Situnayake Chain Models

Cascading machine learning models can help save power (Image: Google)

Nat Jefferies, an engineer on Google’s ‘TensorFlow Lite for microcontrollers’ team, described the trend for strict energy consumption requirements in modern consumer gadgets, despite sophisticated features and sophisticated sensor systems. These gadgets may run on batteries that need to last months or years, or use energy harvesting.

“We think the best solution for this is Tiny ML — deep learning on microcontrollers,” he said. “This allows us to do CPU cycles and sensor reads, which [don’t take much power], as opposed to sending all the information off-chip... TinyML can be used to condense the sensor data into just a few bytes, which you can then send... for only a fraction of the power,” he said.

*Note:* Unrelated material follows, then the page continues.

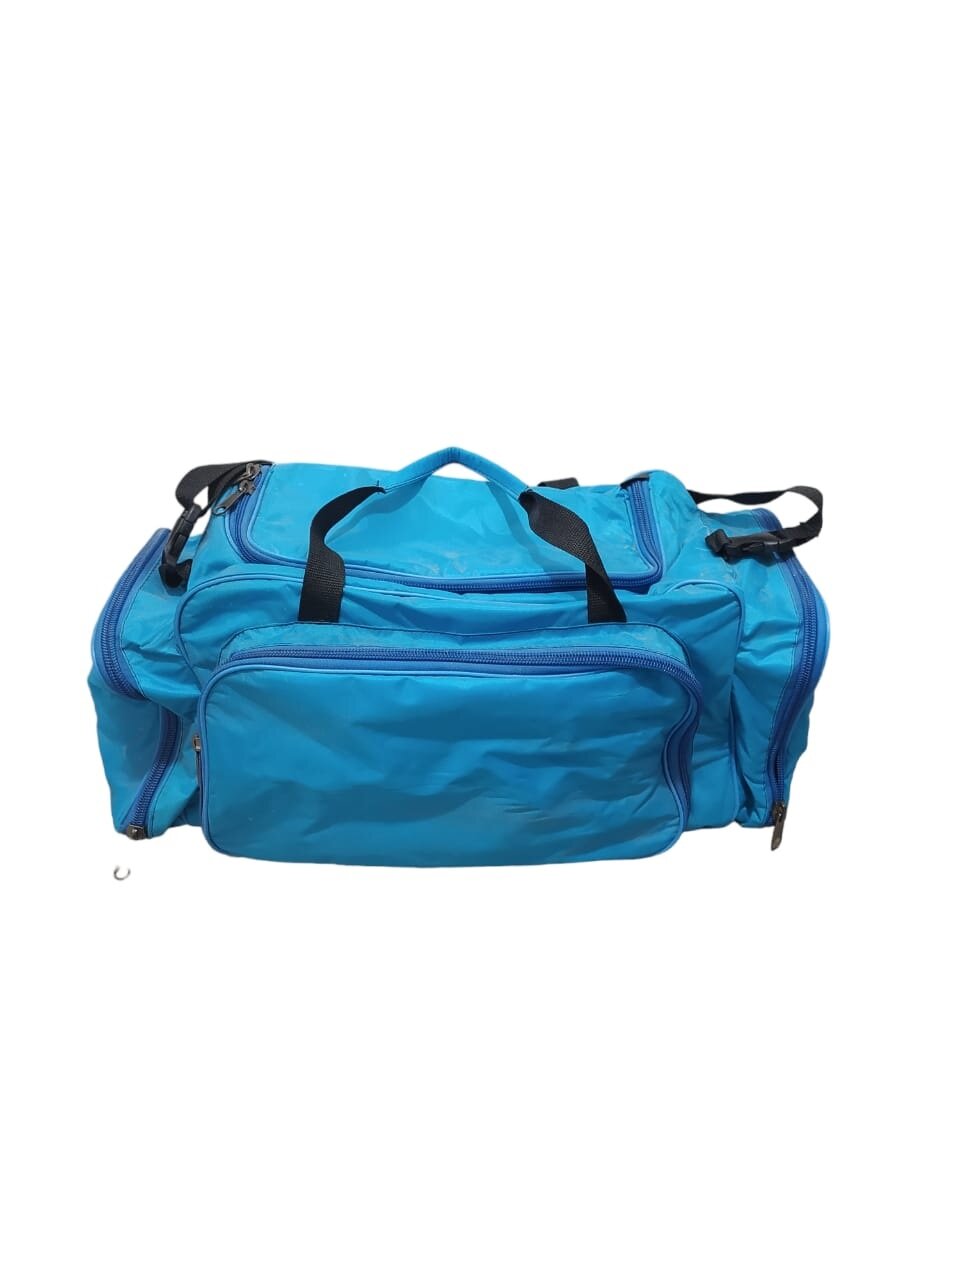 Туристическая походная сумка-пикник SN на 4 персоны со встроенной термо сумкой на 20 л и посудой цвет синий
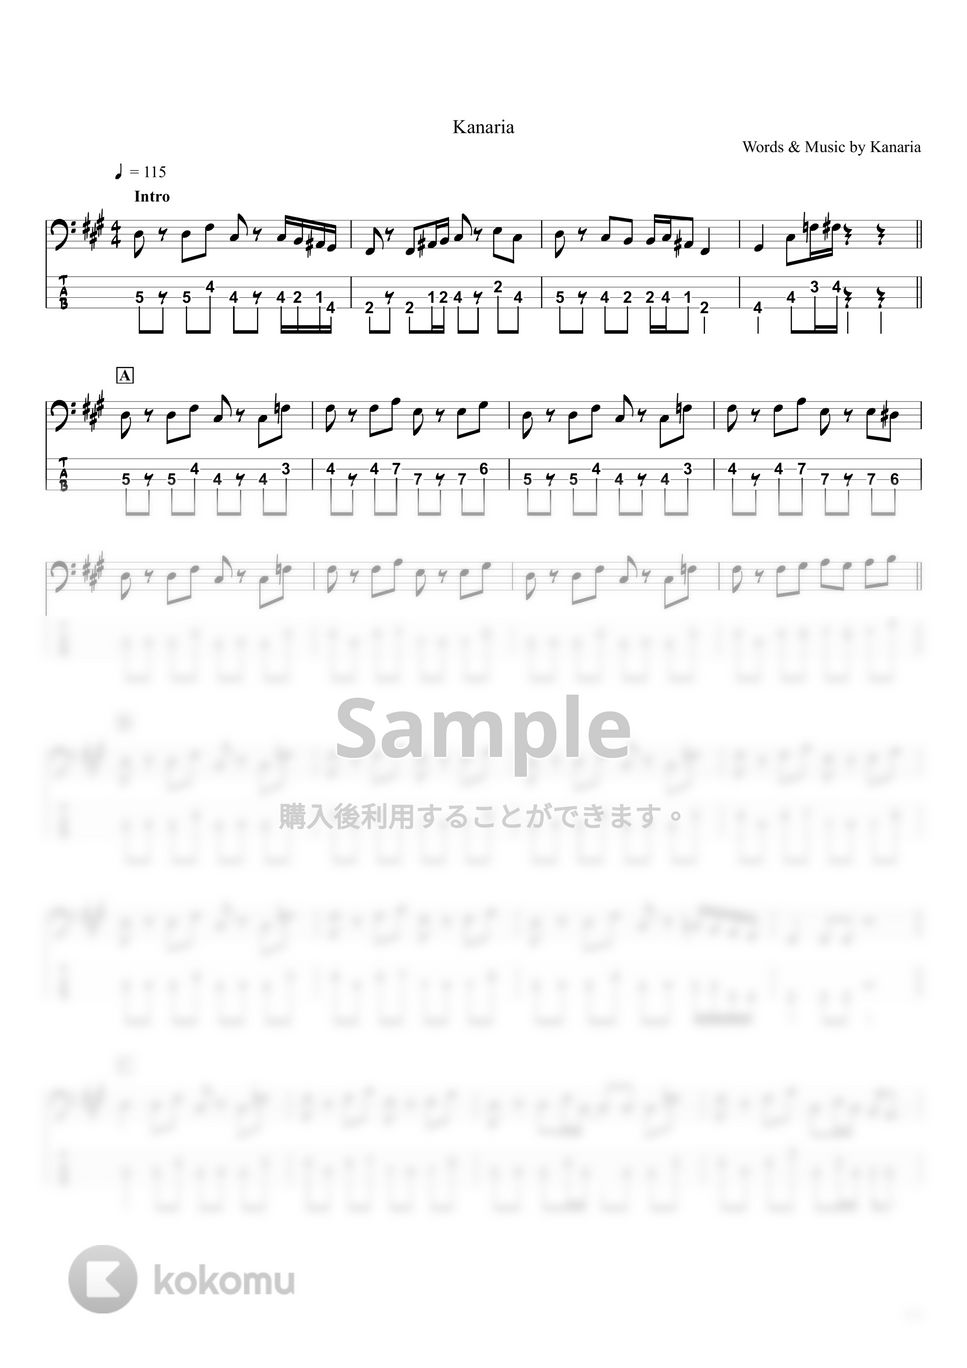 Kanaria - 酔いどれ知らず (ベースTAB譜☆4弦ベース対応) by swbass

A recent Google challenge where entrants developed 250kbyte models to do person detection received many impressive submissions, and “validates that what we are doing is meaningful,” said Jefferies.

“Currently we are able to shrink TensorFlow models down to the point where we can fit them on microcontrollers, and that’s why now is an excellent time to be in this area,” he said. “We are excited to jumpstart this process.”

Google’s roadmap for TensorFlow Lite on microcontrollers includes open-sourcing some of Google’s demos, working with chip vendors to optimise kernels, optimising TensorFlow Lite’s memory usage to run more sophisticated models on the same devices, and enabling more development platforms (SparkFun Edge is the only board supported so far, but Arduino and Mbed board support is coming soon).

Specialist Devices

Presenting the case for specialist low power application processors for ML was Martin Croome, VP Business Development, GreenWaves Technologies. Croome agreed that industry discussion of how to proceed with ultra-low-power machine learning was overdue.

“We desperately need more focus in this area, both from the algorithmic perspective and from our [hardware] world as well,” he said.

GreenWaves has developed a RISC-V application processor, GAP8, which is focused on inference in edge devices that consumes milliWatts of power and offers ultra low standby currents. The company is targeting battery operated devices as well as devices that use energy harvesting (read more about how GreenWaves’ chip works in our earlier article).

GreenWaves GAP8

GreenWaves’ ultra-low-power machine learning accelerator has nine RISC-V cores (Image: GreenWaves Technologies)

A variety of techniques are used to keep power consumption down. This includes parallelisation, though not to speed things up; 8 cores are used to allow a slower clock speed, which allows the core voltage to drop, which saves energy (in practice, the clock frequency is adjusted dynamically, depending on workload).

The chip is geared towards convolutional neural networks (CNNs), with a hardware accelerator performing a 5x5 convolution on 16-bit data in a single clock cycle (not including write back). Explicit memory management relies on the nature of CNNs, which are widely used for image processing; image sensors are a fixed size, inference requires the same number of weights, and the result is always the same size. A tool can therefore generate code for all the data movement at compile time.

Croome acknowledged that specialising enough to effectively process ML workloads while maintaining enough flexibility to respond to advances in technology is a tricky balance.

“The scope of AI is moving forward at a rate which is unbelievably fast. Today’s great idea about how to do things is probably not what tomorrow’s great idea is going to be,” said Croome. “If we specialise too much, we’ll be super great at accelerating what everyone was doing last year, which is not good for a company. So we are trying to balance the difference between flexibility, programmability and acceleration.”

GreenWaves’ chip has been sampling for a year, production will start this month, and it will be shipping in volume to customers by the end of Q3, Croome said.

TinyML meetups are held on the last Thursday of every month in the Bay Area and are open to attendees from both industry and academia.